The paper estimates a 400–600 million increase in people in poverty across the globe given a scenario in which per capita consumption in developing countries contracts by 20 per cent.

The report also says the potential impact of COVID-19 poses a real challenge to the UN Sustainable Development Goal of ending poverty by 2030.

One of the authors, Prof Andy Sumner, of King’s College London, says: “We were surprised at the sheer scale of the potential poverty tsunami that could follow COVID-19 in developing countries.”

“Our findings point towards the importance of a dramatic expansion of social safety nets in developing countries as soon as possible and – more broadly – much greater attention to the impact of COVID in developing countries and what the international community can do to help,” Prof Sumner says.
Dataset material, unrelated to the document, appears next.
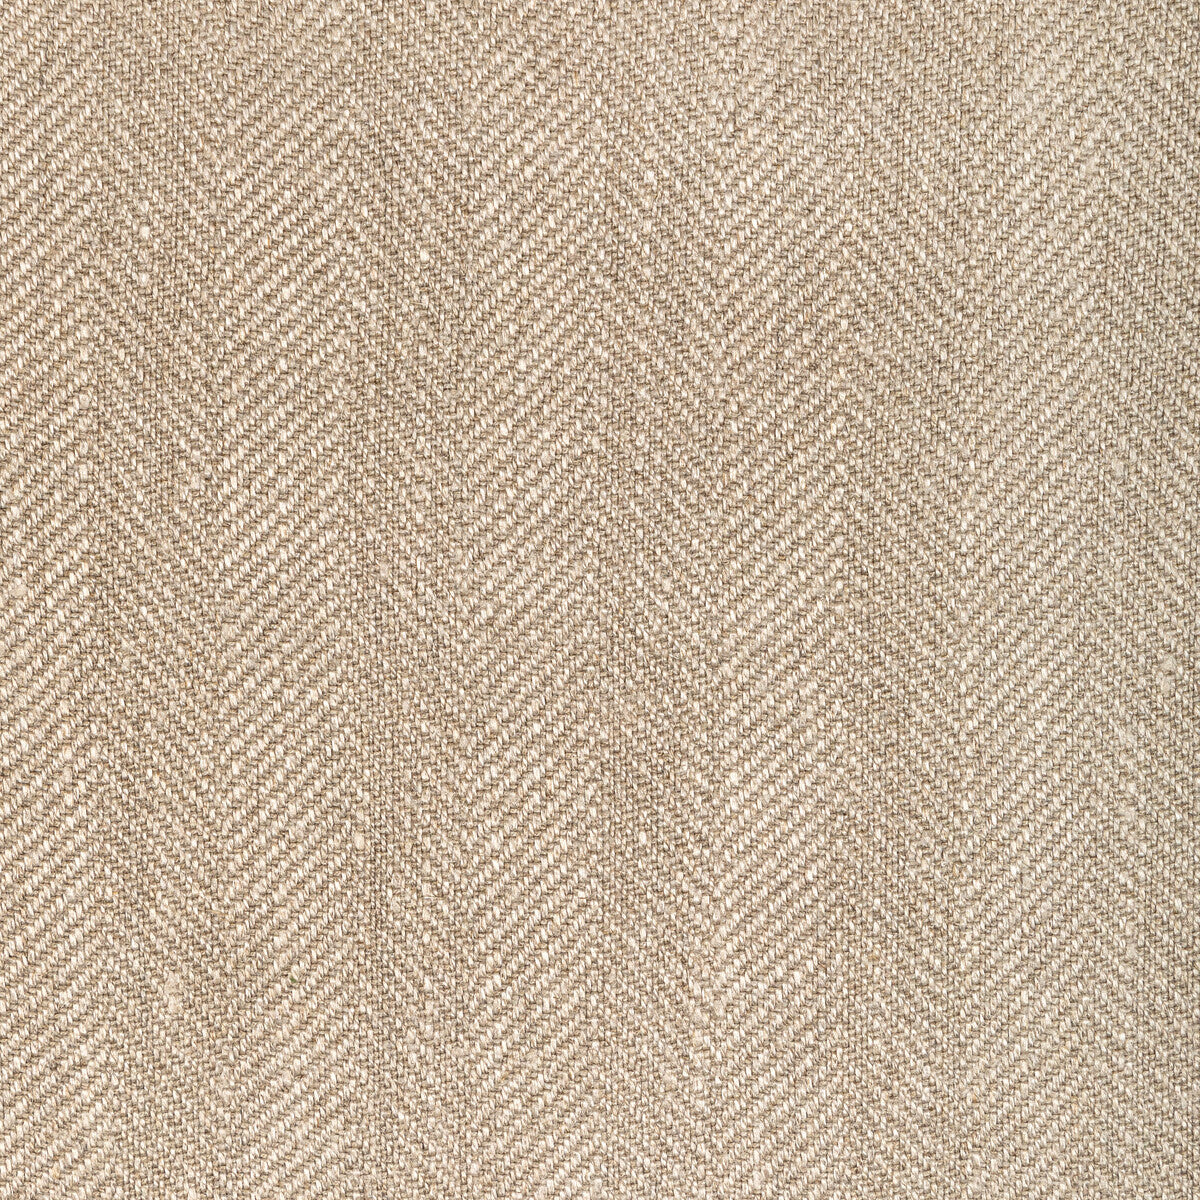 Kravet Basics fabric in 36343-16 color - pattern 36343.16.0 - by Kravet Basics

According to the authors, key findings of the report are: 

  • The concentration of the potentially new poor living under the US$1.9/day and US$3.2/day poverty lines would occur in the poorest regions of the world, notably in Sub-Saharan Africa (SSA) and South Asia.
  • These two regions could represent between two-thirds and 85 per cent of the world’s total poor.
  • For the higher poverty line of US$5.5/day, the majority (about 40 per cent) of the new poor could be concentrated in East Asia and the Pacific, about a third in both SSA and South Asia combined, and about 10 per cent each in the Middle East and North Africa, and Latin America and the Caribbean.
  • Assuming a 5 per cent contraction in per capita incomes, the world could witness a potential increase in the number of poor people, relative to the 2018 figures, of more than 80 million for the US$1.9/day poverty line, of more than 130 million for the US$3.2/day standard, and of almost 124 million for the higher line of US$5.5/day.
  • Under a contraction of 10 per cent in per capita incomes, the increases in poverty headcount at US$1.90, US$3.20 and US$5.50, about 180, 280, and 250 million people respectively.
  • If the contraction is 20 per cent, then the increases could be about 420, 580, and 520 million people, respectively.